The Doctors Lake Marina parking lot is flooded on Sept. 12, 2017.
Lindsey Kilbride
The Doctors Lake Marina parking lot is flooded on Sept. 12, 2017.

Hurricane victims don’t have to repair their homes or find new places to live alone. Hurricane Irma survivors in Florida who are getting FEMA help have many federal and state resources available to further support their recovery.

State assistance:

Florida 211

Floridians seeking information about disaster-related services and unmet needs may call Florida 211, a statewide referral service. Call 211 to find resources in your community, such as food, childcare and crisis counseling.

State Assistance Information Line

Call  800-342-3557 to receive information regarding Hurricane Irma recovery.

Housing Information

FEMA wants to remind Hurricane Irma survivors receiving housing help that they must continually work to return home because FEMA housing is only temporary. Federal help with hotel stays, rental assistance, travel trailers and FEMA-paid apartments are short-term solutions for survivors who are working to return home.

Florida residents who have been displaced by Hurricane Irma may search for available housing on  FloridaHousingSearch.org.

Property owners and managers can add and/or update listings of available units.  Login or call toll-free  877-428-8844 for assistance.

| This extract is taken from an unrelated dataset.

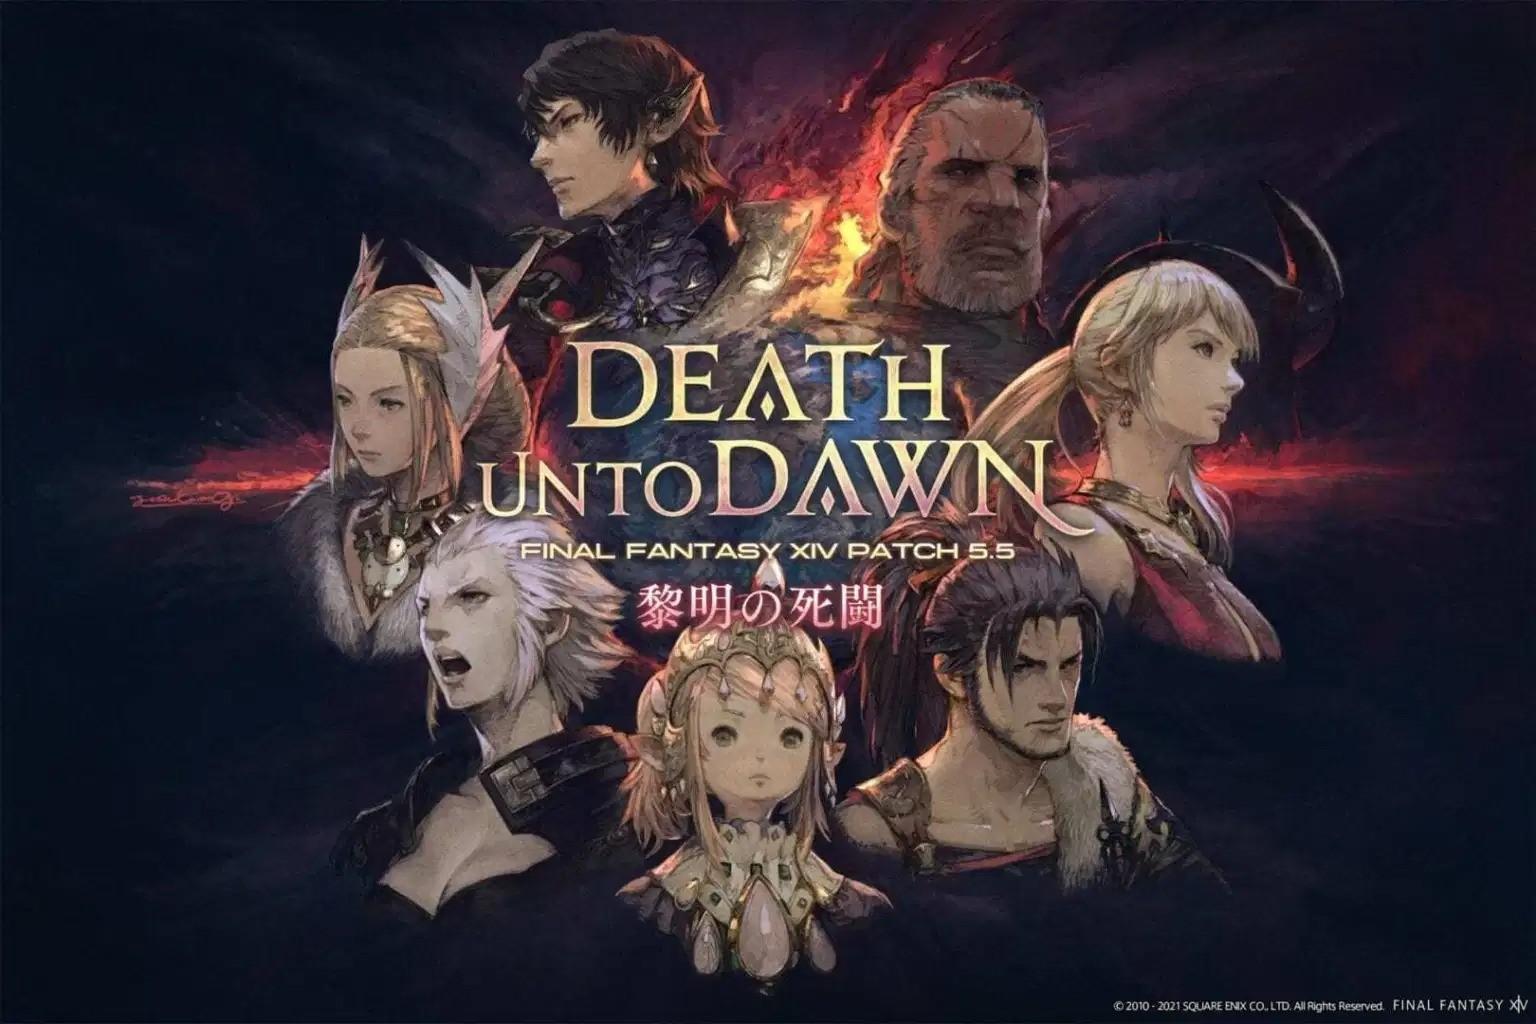 《最终幻想14》5.5版新预告片 全球注册玩家超2

Legal Services: Florida Bar Association

Free legal assistance on some disaster-related issues is available to low-income disaster survivors. Call  866-550-2929 or visit  www.floridalegal.org/irma.

Services for Seniors

Florida has numerous programs and services for seniors. Details can be found on the Department of Elder Affairs website at  elderaffairs.state.fl.us/doea/programs.php.

Mental Health Services

The  Florida Department of Health works to protect, promote and improve the health of all people in Florida through integrated state, county and community efforts. There are resources available for supporting the mental and emotional health needs of children and families before, during and after a disaster. Visit www.floridahealth.gov/programs-and-services/emergency-preparedness-and-response/prepare-yourself/behavioral-health/index.html.

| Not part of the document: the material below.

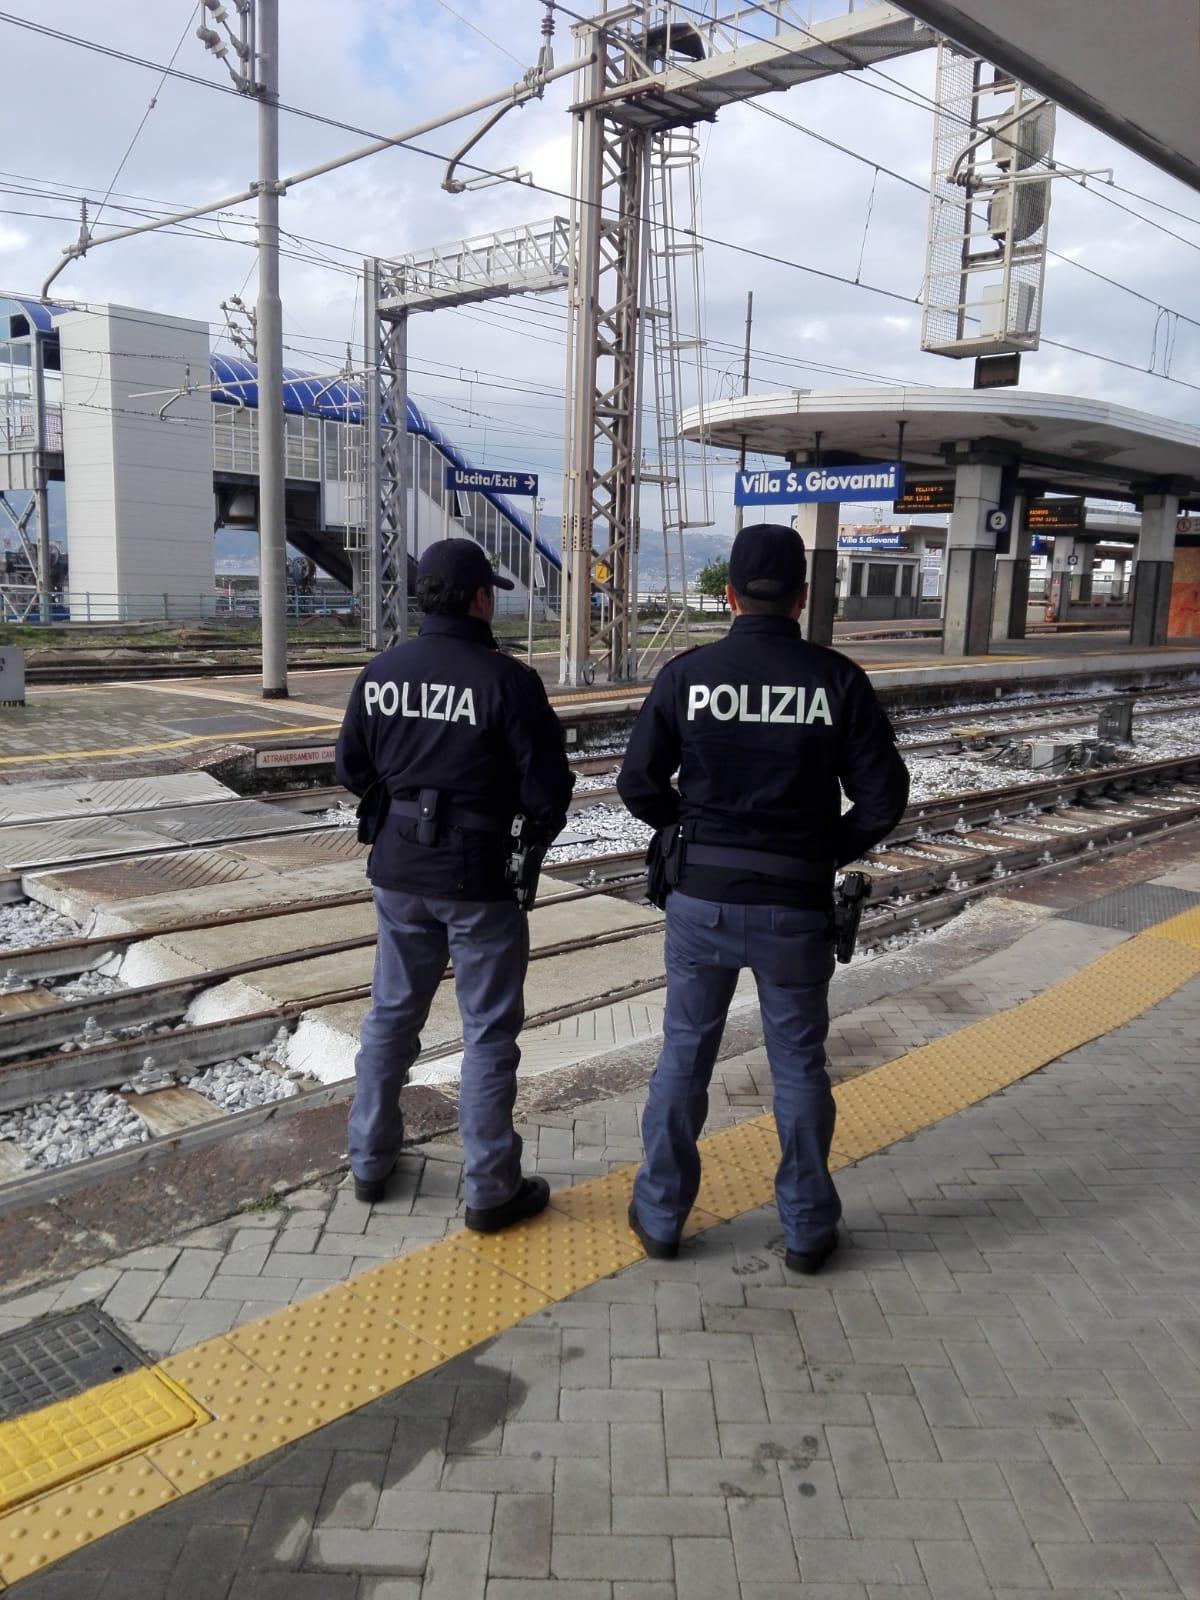 Villa, arrestato alla stazione uomo destinatario di un'ordinanza di cattura

For People with Disabilities

The  Florida Developmental Disabilities Resources website is a resource for individuals with developmental disabilities living in or moving to the state of Florida. Its primary purpose is to help individuals with developmental disabilities find a provider who best meets their needs. Visit  www.flddresources.org.


The  Employ Florida Hurricane Irma Recovery Jobs Portal, administered by the Department of Economic Opportunity (DEO), provides links to recovery and cleanup jobs across the state. Employers may also post job openings on the site. Visit  disasterrecovery.employflorida.com/vosnet/Default.aspx.

Health and Safety

After a disaster, safety is a primary issue, as are mental and physical well-being. These two sites have information on potential health hazards and staying well:

www.floridahealth.gov and  www.ready.gov/health-safety-guidelines.

Florida Businesses

Florida Virtual Business Emergency Operations Center provides information and resources for registered businesses impacted by a disaster, including news and what to do after a disaster. Businesses may also share the extent of damage they suffered. Visit  www.flvbeoc.org.

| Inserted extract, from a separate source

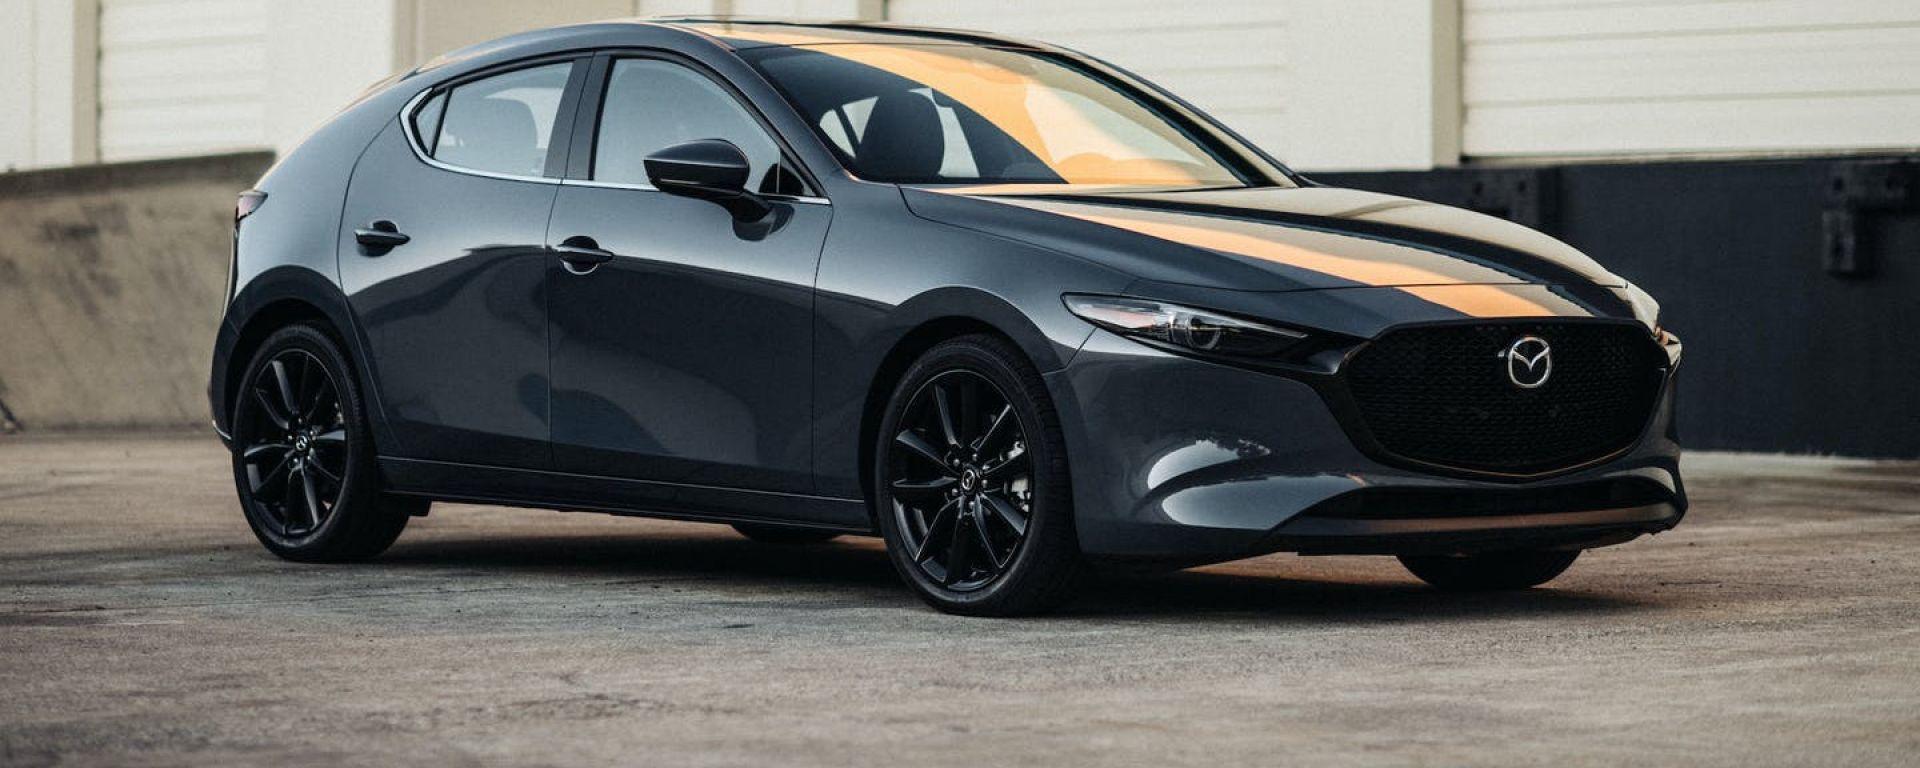 Nuova Mazda3 Turbo: il 3/4 anteriore

Florida Division of Emergency Management

The state of Florida’s Division of Emergency Management official  portal for businesses provides a toolkit of information to help prepare for and recover from disasters. Visit  www.floridadisaster.org/dem.

Federal Assistance:

U.S. Department of Housing and Urban Development (HUD)

Section 203(h) Mortgage Insurance for Disaster Victims helps survivors get a mortgage for a new home or rebuild their damaged one. Section 203(k) Rehabilitation Mortgage Insurance gives homebuyers and owners two options:

Buy or refinance a house and its rehabilitation costs with a single mortgage; or finance the rehabilitation of your existing home. Money may be used for rehabilitation work, from minor repairs to total reconstruction. To qualify for Section 203(h) Mortgage Insurance for Disaster Victims, applicants must own a single-family home damaged or destroyed by Hurricane Irma between Sept. 4 and Oct. 18, 2017; and live in one of the Florida counties designated in the declaration.

Section 203(k)-insured loans can finance:

  • Residential section rehabilitation of a property that also has non-residential uses.
  • Conversion of any size property to a one- to four-unit structure.

To qualify for Section 203(k) Rehabilitation Mortgage Insurance, applicants must:

  • Be able to make monthly mortgage payments; and
  • Be rehabilitating a home at least one year old.

To learn more, go online to  hud.gov. To find an approved lender near you, visit  www.hud.gov/program_offices/housing/sfh/lender/lenderlist.

U.S. Department of Health and Human Services (HHS)

The website for the  Office for Civil Rights division of HHS provides information on effective planning, response and recovery for people who have special needs. Before, during and after a disaster, members of this population may have additional needs to maintain independence, communication, transportation, supervision and medical care. Visit  www.hhs.gov/sites/default/files/ocr/civilrights/resources/specialtopics/emergencypre/eptrainingppt.pdf.

Substance Abuse and Mental Health Services Administration (SAMHSA)

The SAMHSA  Disaster Distress Helpline, a national hotline, offers year-round disaster crisis counseling. You may call  800-985-5990 (TTY  800-846-8517) 24 hours a day, seven days a week. If you feel distressed because of the effects of Hurricane Irma, you may use this free service. It is toll-free, multilingual, crisis support. Visit the website at  www.samhsa.gov for more information.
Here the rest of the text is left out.